Applying the Escdondido Framework to Dark Ages Britain

The First Kingdom cover

I often wonder about the applicability of the Escondido Framework model of the firm to organisations in other cultures and at other times to the developed world in the 21st century .  One of the claims of the Escondido Framework is the degree to which it can be applied universally.  Certainly, the model can be applied to public sector and third sector organisations, and can be applied wherever there is some sort of corporate collective structure that can be shown to create value that is greater than the sum of the efforts of the people who are working together within the structure if they were together in a set of discrete collaborations brought about by a set of separate agreements (whether explicit or implicit).

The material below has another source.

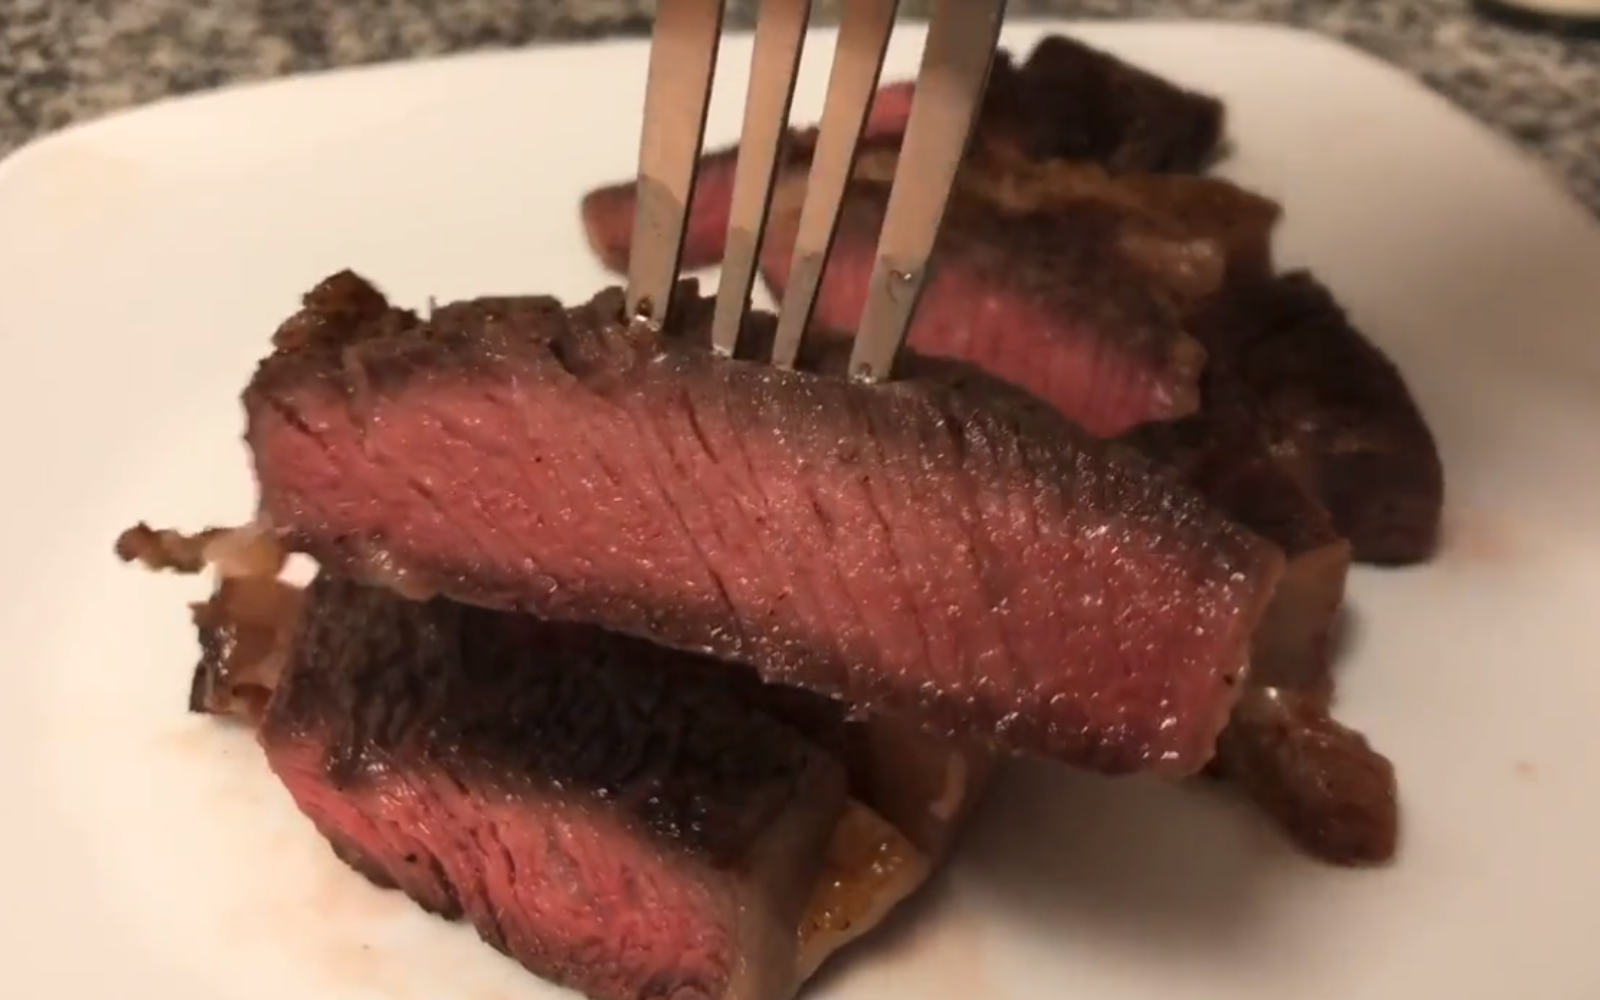 After refusing to cook a $120 steak well done for a woman, man is divided

I have just completed reading Max Adams’ account of Britain in the 5th to 7th centuries, The First Kingdom[1].  This covers the period often known as the Dark Ages, following the departure of the Roman Empire and before settled control of England by Anglo-Saxon rulers in the Heptarchy.  He pieces together the considerable research undertaken in recent years to describe a fragmentation of society, depopulation of most cities and towns and replacement by what may in many respects to a pre-Roman pattern of village economies and local tribal leadership, subject to incursions by Viking and north German raiding parties, but still with some loose links to continental Europe, with the Christianity that had arrived in the Roman period hanging on in places prior to reintroduction both from Ireland with Colme Cille (St Columba) and with St Augustine from Rome, and with continuing trade.

One of the key themes of the Escondido Framework is the identity of the corporation independent of stakeholders, the “societé anonyme” whose ultimate purpose is to survive, and which outlives its “controlling mind”.  Adams marks the end of the period that he is describing by an important transition, from one in which the individual “kingdoms” were pretty fluid, some very small and sitting within and subject to other kingdoms (in a system described as Tribal Hidage), and most regimes pretty ephemeral.

“Victory on the battlefield and political success measured in tribute and booty secured the loyalty of secular élites for their king and his eligible successors; but for a life interest only.  Defeat, if not fatal, weakened a king and exposed him to internal coup of external domination…..The luck of the tribe was invested so heavily in the person of its kings that when they died any imperium that they may have exercised over rival kings was void.

“As Bede so vividly described it, the pagan supernatural experience was in some sense like the passing of a sparrow into and out of a hall whose warmth and fellowship matched their brief period of Earth while all before and after was cold darkness unknown…..

“Pagan kingship was not stupidly irrational.  Rulers were bound by conventions of honour, reciprocity and political pragmatism.  They calculated odds as coolly – and with about as much reliance on superstition – as any politician or football coach whose tenure might be equally precarious.”[2]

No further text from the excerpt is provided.